Earth Day is now an international event celebrated widely around the world. You can read more about Earth Day at the Earth Day Network Web site.

Link to Earth Day Network:

To be honest, I don't really remember celebrating Earth Day when I lived in America. I do remember friends celebrating a similar occasion on April 20. I have found Japan to be especially socially and environmentally conscious; I beleive this is evident by the increasing number of Japanese people involved in NGOs and NPOs. Here are some pictures of Earth Day as celebrated in Nagoya's Hisayaodori-koen near the Sakae area. How is Earth Day celebrated in your part of the world?

There were a variety of performances. Here, little school children advise the audience via song and dance how to properly recycle and use environmentally damaging appliances.
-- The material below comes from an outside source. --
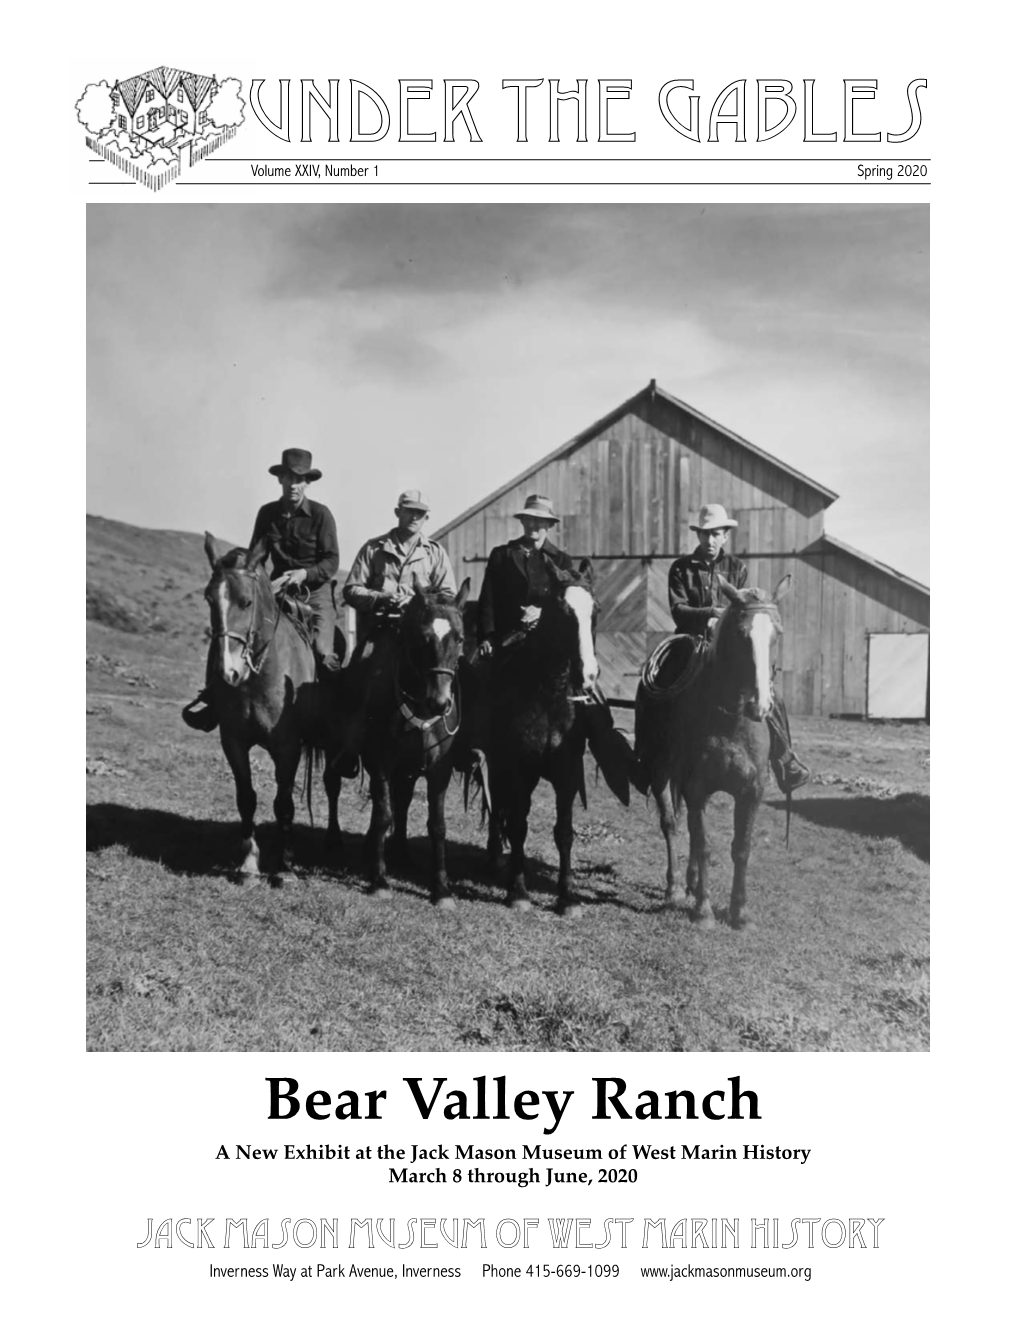 Bear Valley Ranch

Other children dressed as "recycling power rangers" - each grappled with a different piece of refuse and taught us how to prepare and stick the item in the correct bin.

There was a variety of international foods available as well as various art activities. Here, people enjoy themselves against the backdrop of the famous Nagoya TV Tower.
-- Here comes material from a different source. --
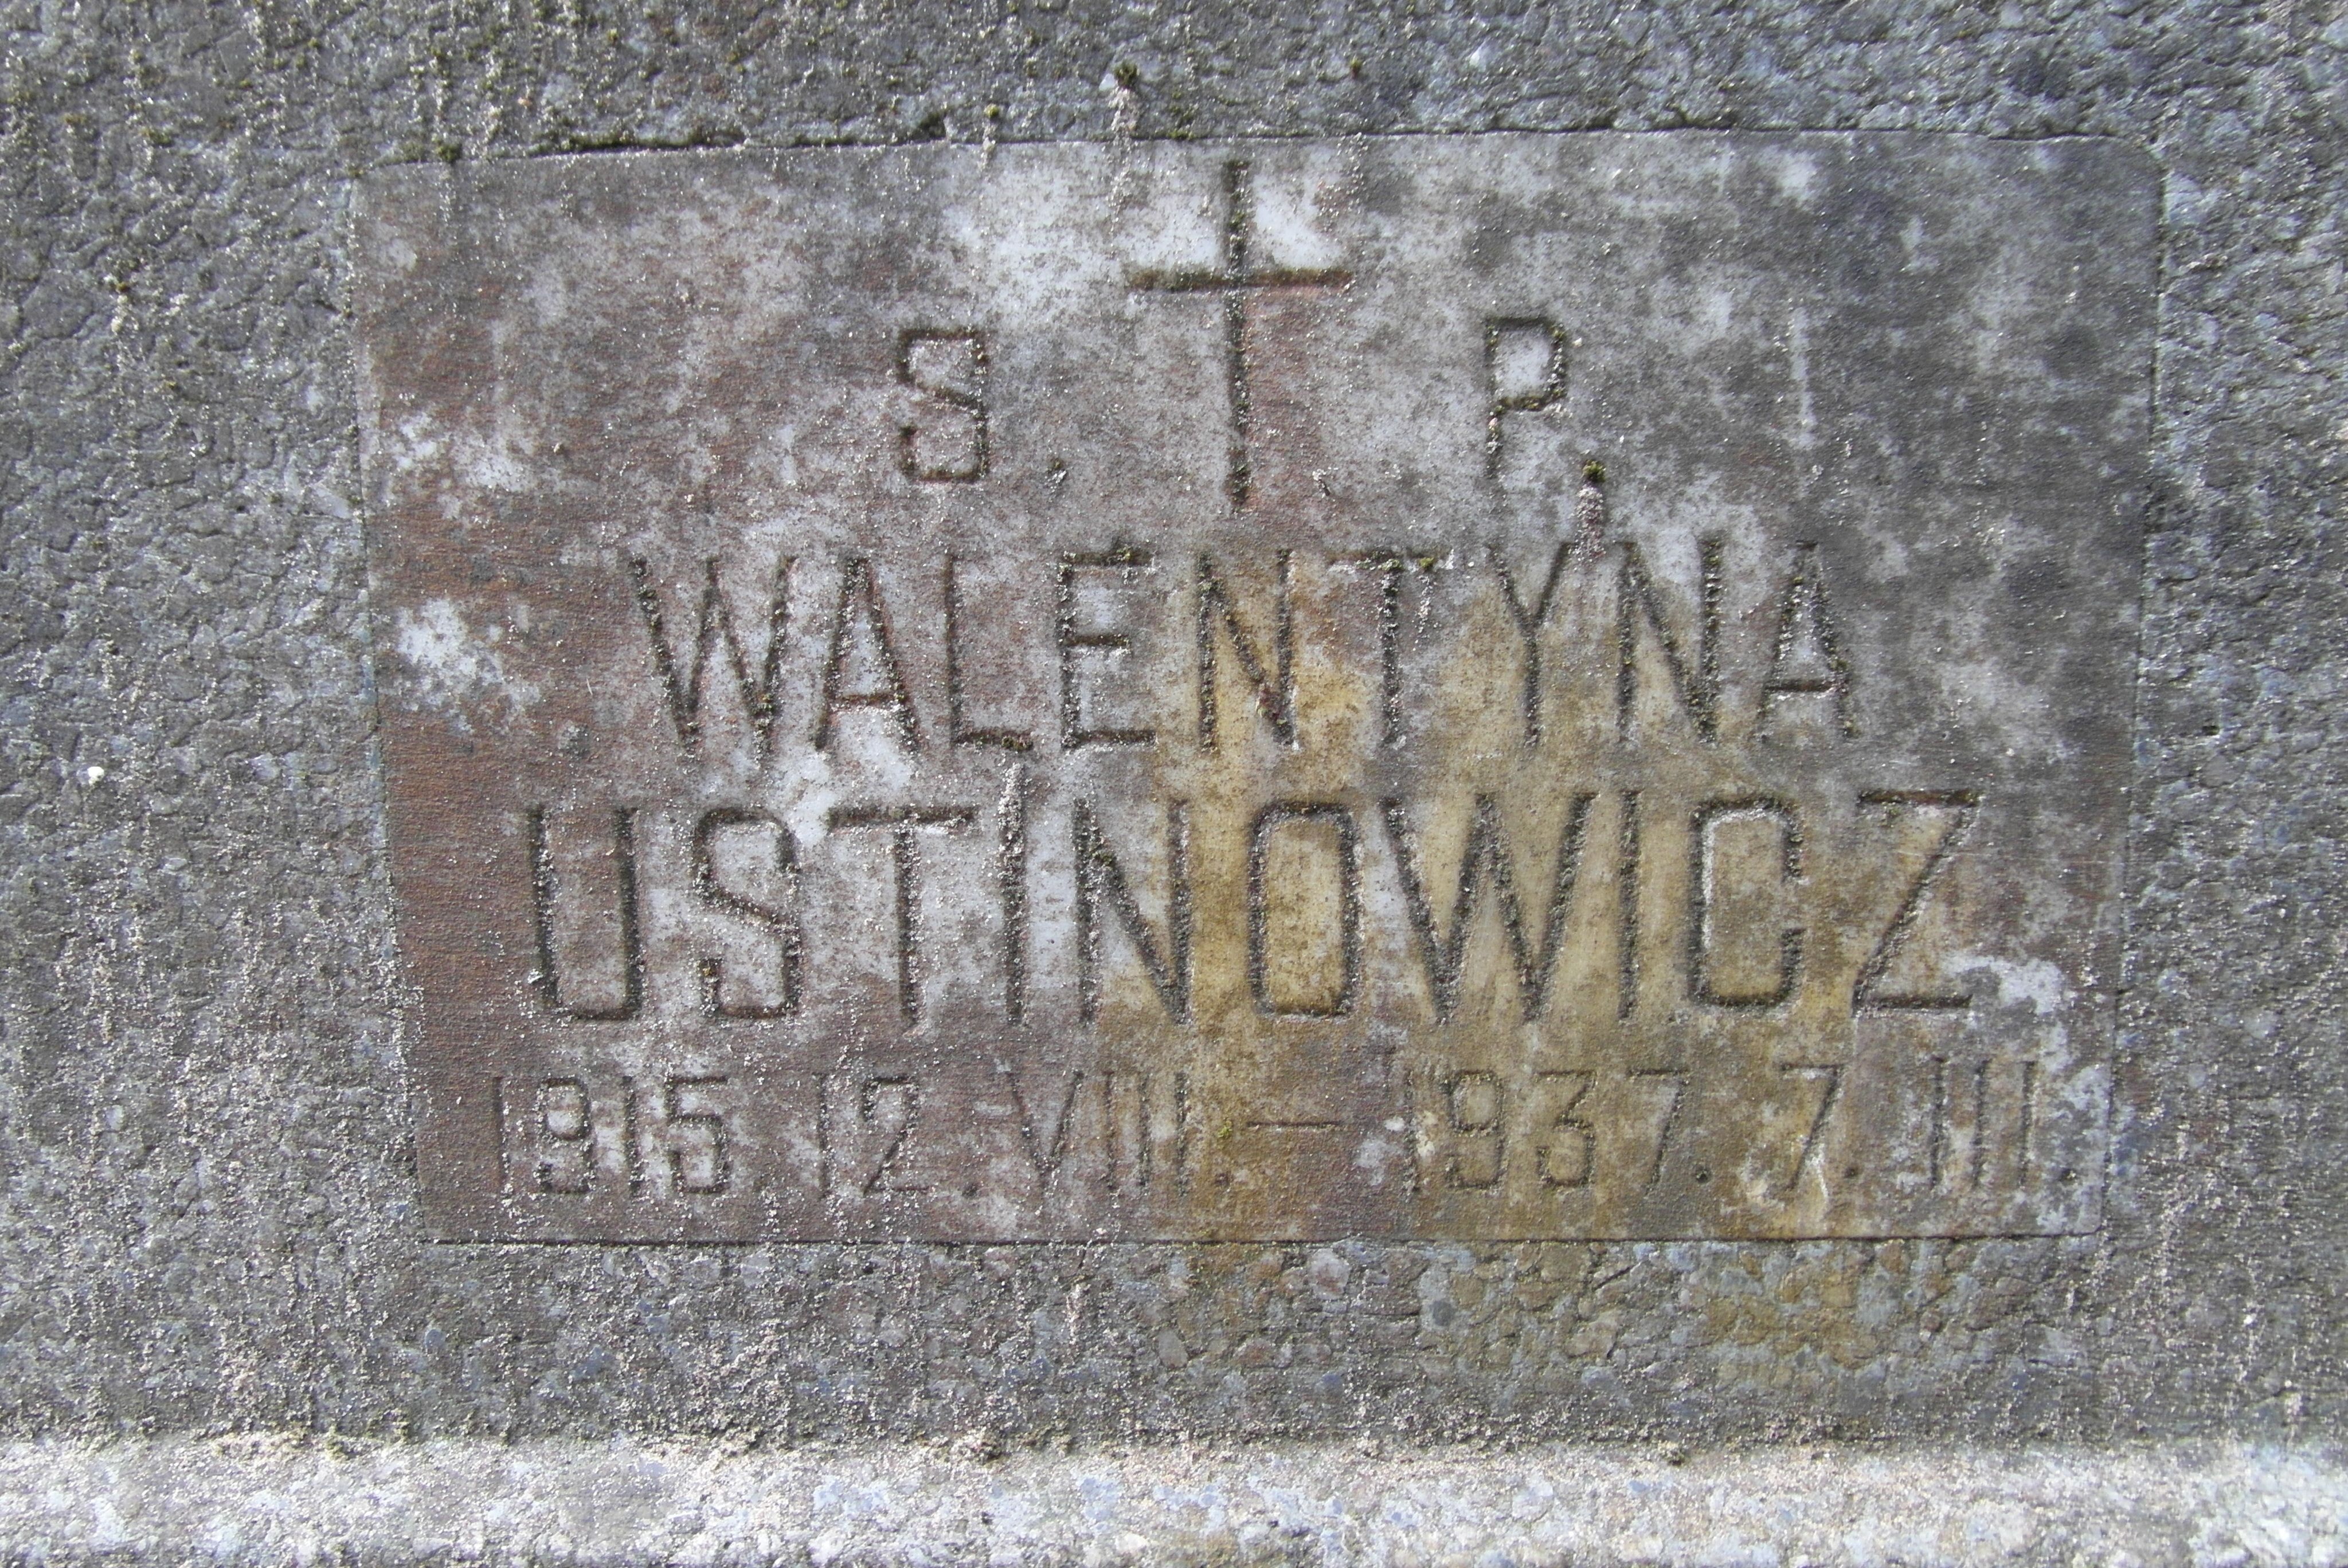 Napis z nagrobka Walentyny Ustinowicz, cmentarz św. Michała w Rydze, stan z 2021 r.

There were lots of crafts, healthy food and environmentally friendly product booths; it reminded me of hippies in San Francisco...

On the other hand, there was a booth sponsored by JT (Japan Tobacco) that was encouraging people to purchase the new TASPO card. The TASPO card is an age-verification ID card that lets the over-age-20 user purchase cigarettes from vending machines. The card has proven to be somewhat unpopular and so driver's licenses will also be allowed to be used by people to buy tobacco in vending machines. Should JT really be at an Earth Day celebration?

Many have commented about the lack of trash cans in public in Japan. Here is a rarity, three in a row. But they are closed for Earth Day. Caption taped across the trash can reads: "Today is Earth Day. Let's bring our garbage home!"

There was also a young woman, sponsored by JT, handing out trash bags and tongs, encouraging people to pick up litter. Here she is approaching a young woman while a group of older women enthusiastically look for trash among the foilage.

A nearby man takes advantage of the public art in the park for a nap. His pillow is a bag of aluminum cans.

Near the park, but as a separate event, members of a local political activism group try to garner support for world peace, continuation of the Japanese Constitution's Article Nine and allowing the controversial documentary Film, Yasukuni, to be shown freely in Japanese theaters.

Happy Earth Day! And for my Deaf friends, Happy Eyeth Day. Please do whatever you can to make the world a better place for all people. Peace.